Predictors of renal flares in systemic lupus erythematosus: a post-hoc analysis of four phase III clinical trials of belimumab

Abstract Objective The objective of this study was to identify predictors of renal flares in patients with SLE treated for active extra-renal disease.
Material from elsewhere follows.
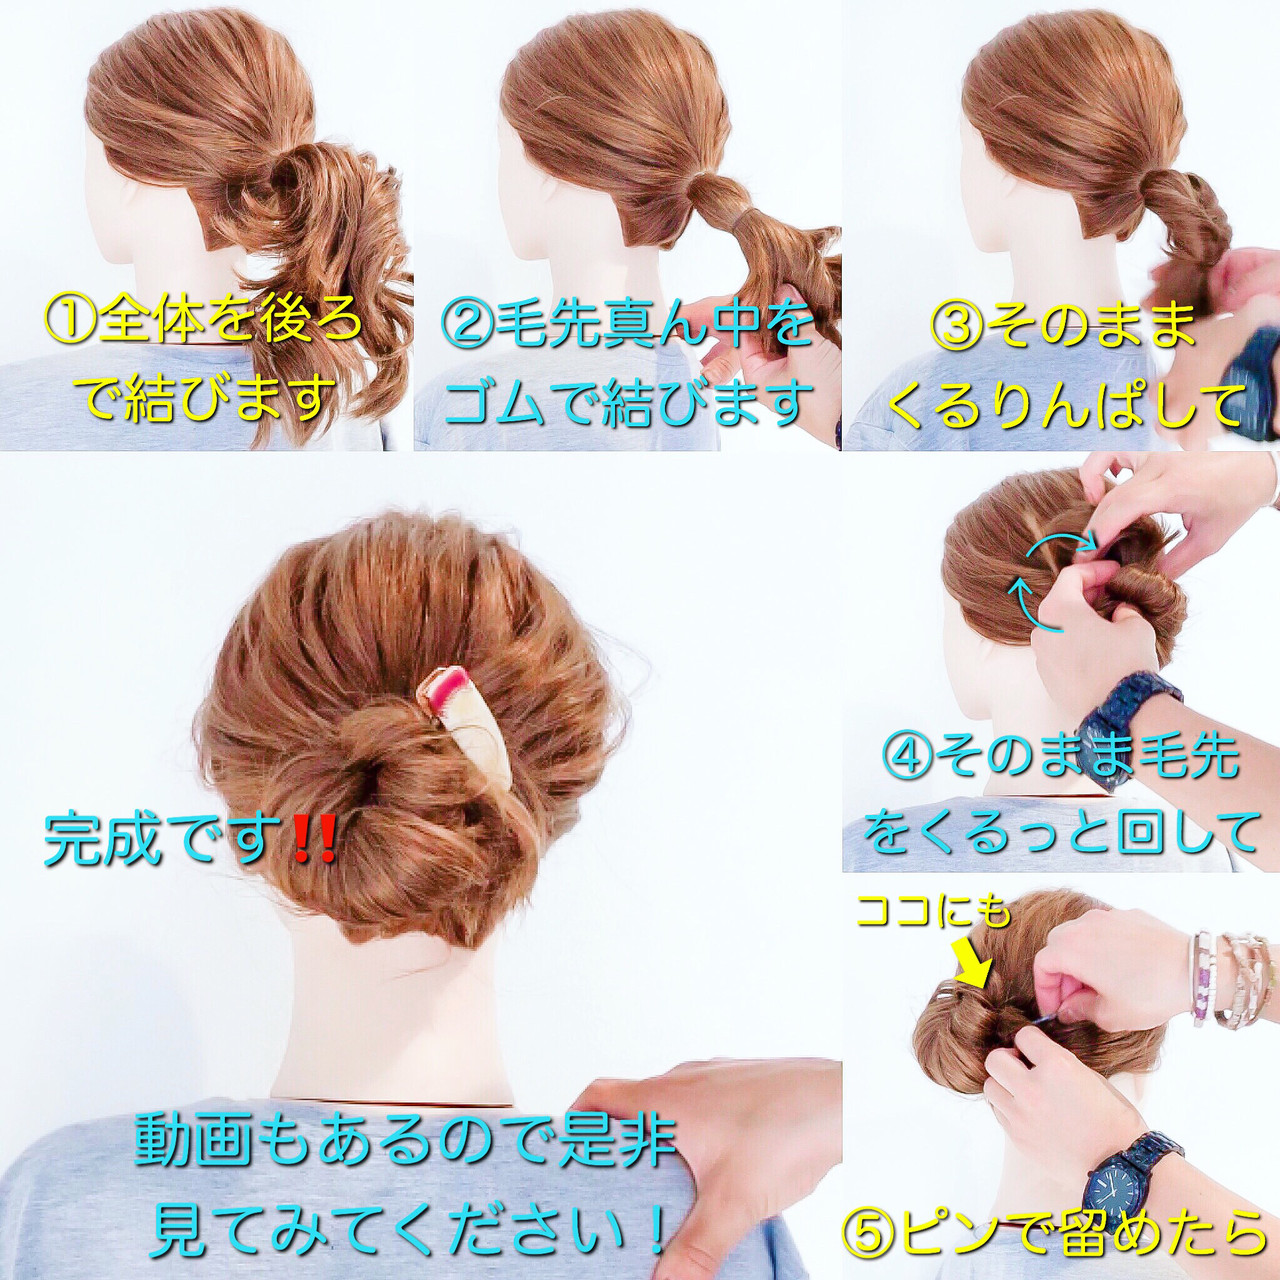 セルフアレンジ くるりんぱ 簡単ヘアアレンジ アップスタイル ヘアスタイルや髪型の写真・画像 | 美容師HIRO/Amoute代表 / Amoute/アムティ

Methods Data from four clinical trials of belimumab in SLE (BLISS-52, NCT00424476; BLISS-76, NCT00410384; BLISS-NEA, NCT01345253; BLISS-SC, NCT01484496) were used. Patients were assigned to belimumab or placebo on top of standard therapy. We investigated the performance of predictors of renal flares through weeks 52–76 using proportional hazards regression analysis. Results Of 3225 participants, 192 developed at least one renal flare during follow-up, with the first occurring after a median time of 197 days. Current/former renal involvement [hazards ratio (HR): 15.4; 95% CI: 8.3–28.2; P < 0.001], low serum albumin levels (HR 0.9; 95% CI: 0.8–0.9; P < 0.001), proteinuria (HR: 1.6; 95% CI: 1.5–1.7; P < 0.001), and low C3 levels (HR: 2.9; 95% CI: 2.1–4.1; P < 0.001) at baseline appeared robust determinants of impending renal flares. Anti-dsDNA positivity yielded an increased hazard for renal flares (HR: 2.1; 95% CI: 1.4–3.2; P < 0.001), which attenuated after adjustments. Anti-Sm positivity was associated with renal flares in the placebo (HR: 3.7; 95% CI: 2.0–6.9; P < 0.001) but not in the belimumab subgroup, whereas anti-ribosomal P positivity was associated with renal flares in the belimumab subgroup only (HR: 2.8; 95% CI: 1.5–5.0; P = 0.001). Conclusion A history of renal involvement, high baseline proteinuria, hypoalbuminaemia, and C3 consumption were robust determinants of impending renal flares. In addition to anti-dsDNA, anti-Sm and anti-ribosomal P protein antibody positivity may have value in surveillance of renal SLE.